Some models summarise the earlier parts of the conversation to free up space. Claude does this automatically on paid plans. The summary preserves the broad strokes but loses specific details. If you gave precise instructions early on, those details might get compressed into something vaguer.

Other models simply drop older content. The most recent messages stay. The earliest ones vanish.

Either way, the AI is now working with less than what you gave it. It’s not being lazy or ignoring you. It physically cannot see what fell off the desk.

This is why long conversations gradually lose coherence. The AI isn’t getting worse. It’s getting more forgetful, because the context window is doing its best to keep up.

How to use your context window well

You don’t need a million tokens. You need to be intentional about the ones you use. This is the heart of what’s now called context engineering: the skill of controlling what the AI sees and when.

Here are the practical habits that make the biggest difference.

Start fresh for new topics. Don’t continue a conversation about your CV when you want to pivot to meal planning. Open a new chat. Give the AI a clean desk.

Front-load what matters. Put the most important information at the beginning of your message, not buried in a long preamble. The AI pays closest attention to what comes first and last.
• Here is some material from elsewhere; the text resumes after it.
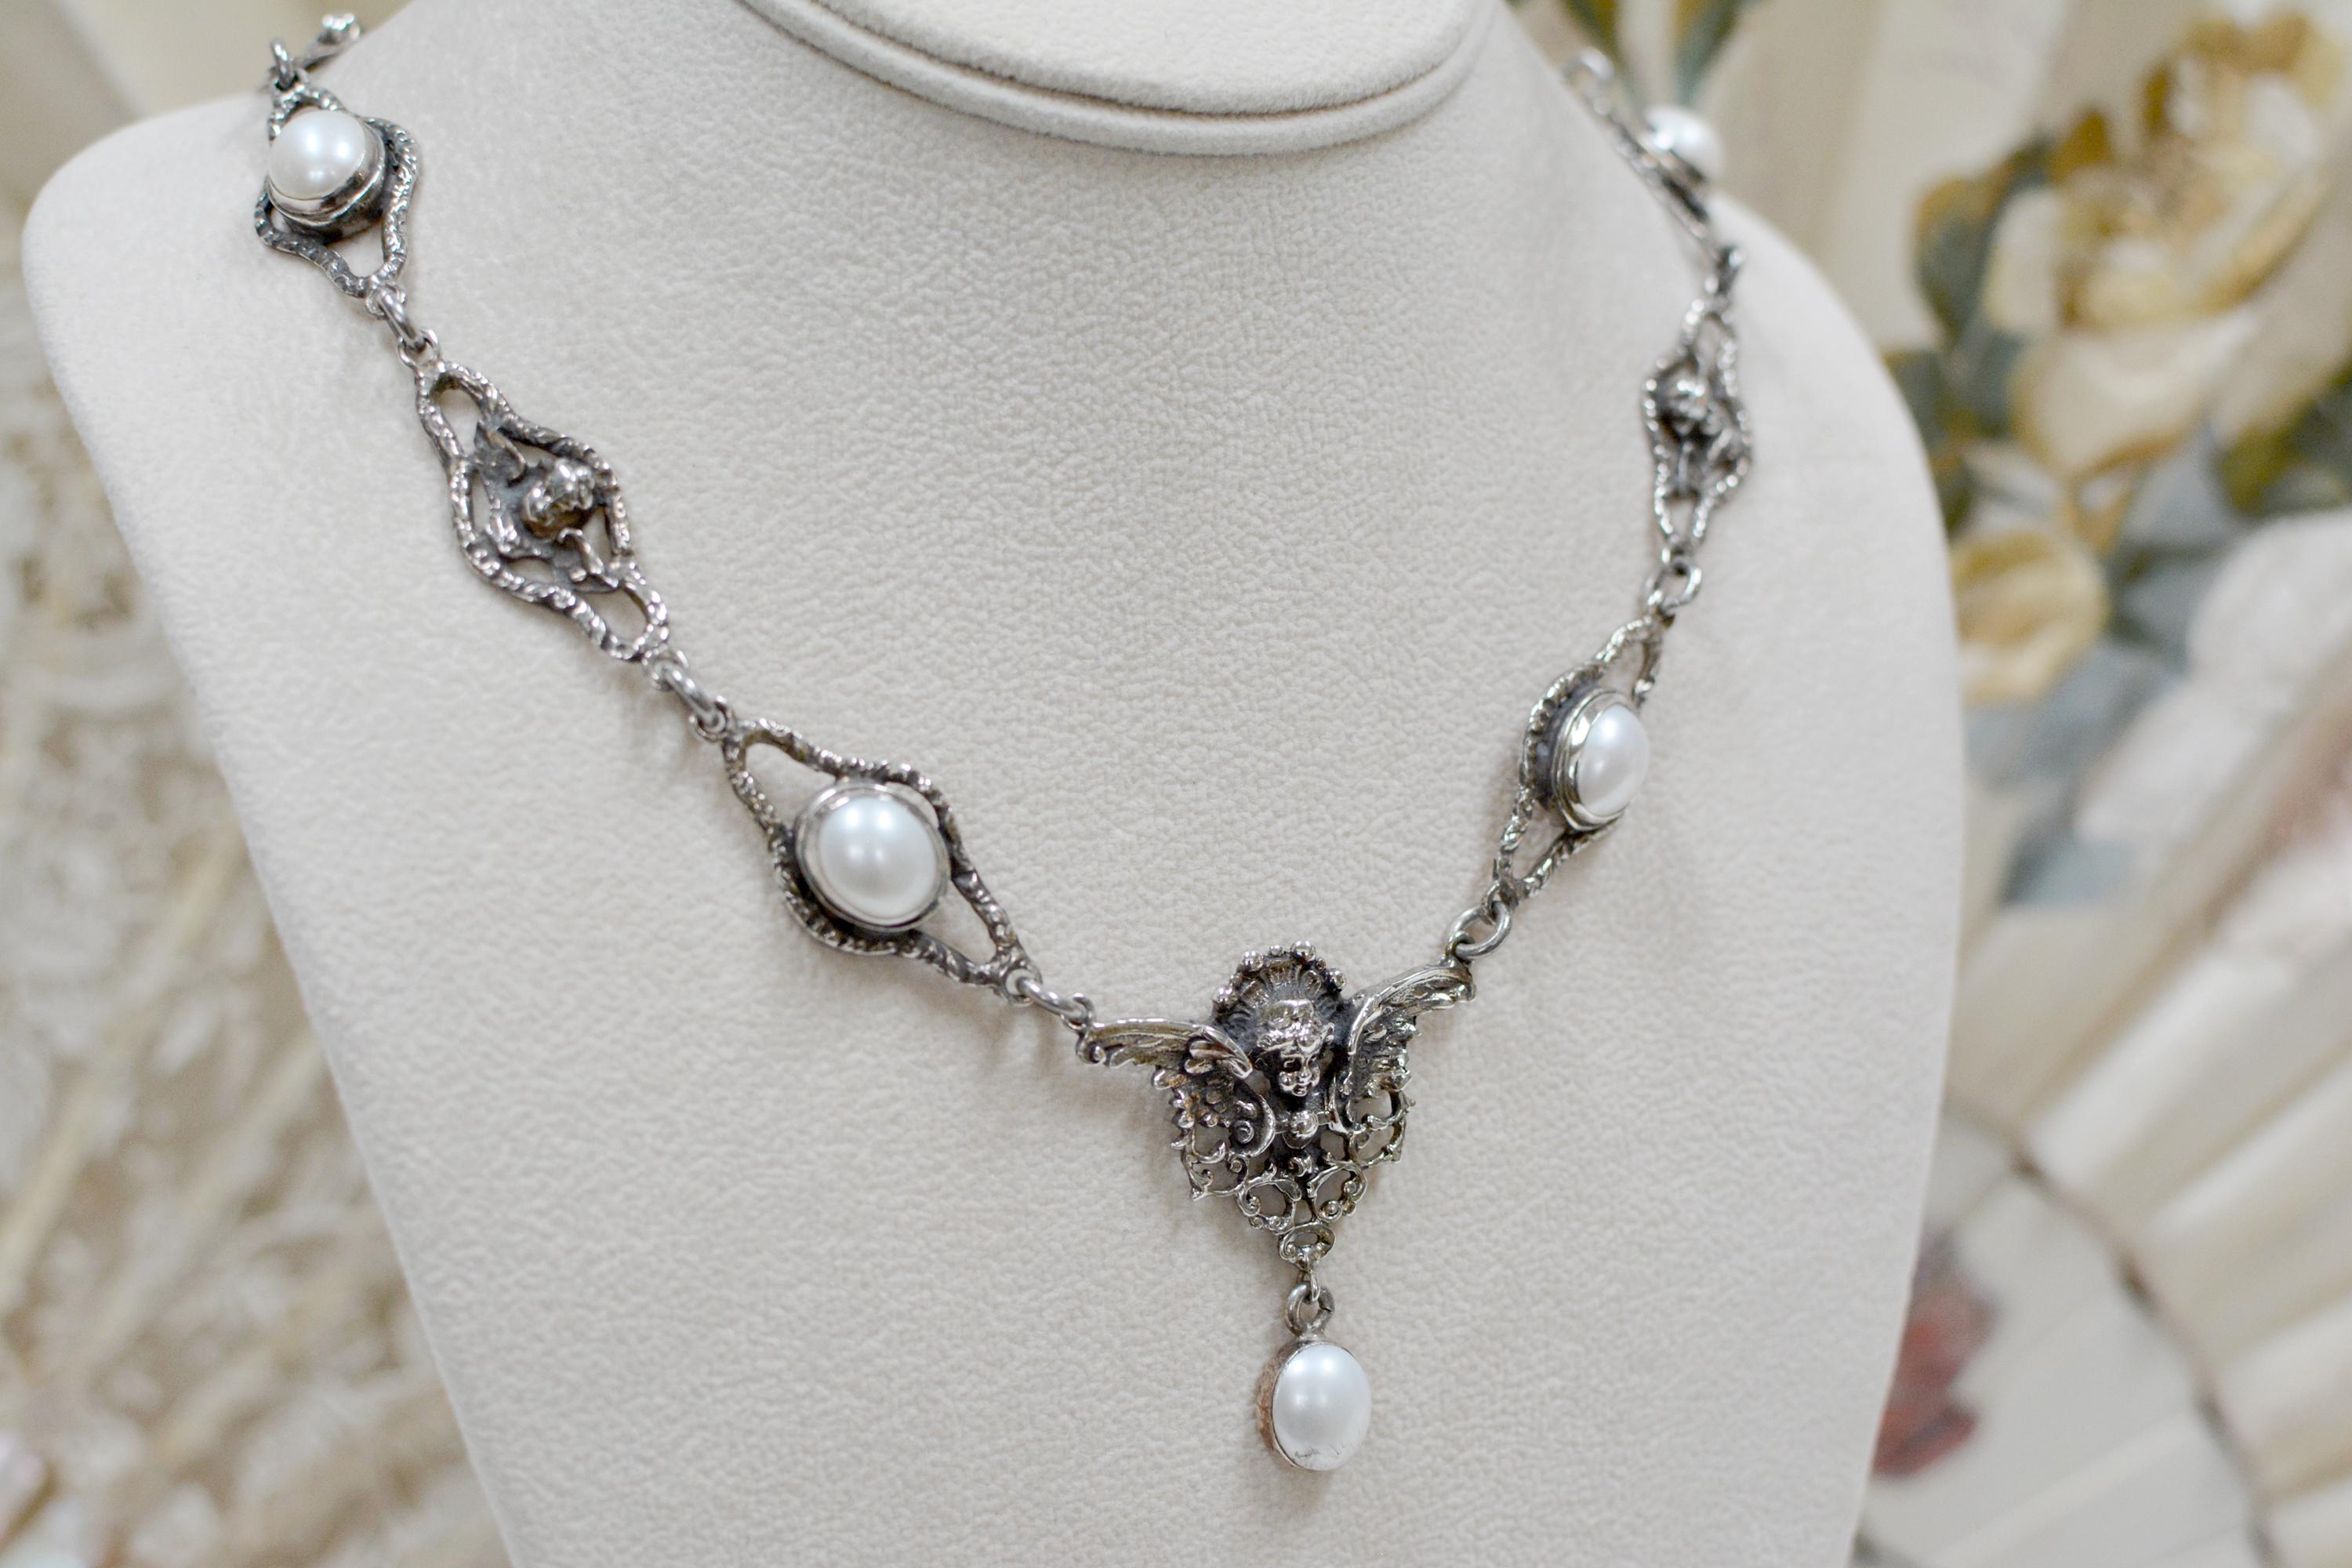 Women's or Men's Jill Garber Collection Figural Angel’s Drop Necklace with Freshwater Pearls

Be specific, not exhaustive. Instead of pasting an entire report and asking ‘what do you think?’, paste the relevant section and ask a focused question. Less noise means better signal.

Restate key details in long conversations. If you’re twenty messages deep and the AI seems to have forgotten something important, say it again. Don’t assume it still has it. A quick reminder is cheaper than a confused answer.

Keep custom instructions lean. Those background instructions load every time. If yours are three paragraphs long, consider trimming them to the essentials. Every word counts.

The real skill is not having more space

The AI industry is obsessed with making context windows bigger. That’s useful for developers building complex systems and for specific tasks like analysing entire codebases. Vibe coding relies on this same principle — the AI needs to hold your entire project in view as it turns your plain-language descriptions into working code, and once it can’t, things start breaking. If you use Claude Code, git worktrees in Claude Code let you give each AI session its own isolated context and workspace, so parallel agents never pollute each other’s windows. The same processing constraints also shape consumer-facing features like AI Overviews in Google Search, where the AI has to summarise multiple web pages within its context limits before presenting you with a single answer.

But for everyday use, the skill that matters is not having the biggest window. It’s knowing how to use the one you have.

The best conversations I have with AI are not the longest ones. They’re the ones where I give it exactly what it needs, nothing it doesn’t, and keep the context focused on the task at hand.

Stop treating the context window like infinite memory. Start treating it like a clean, well-organised desk. Your AI will work better for it.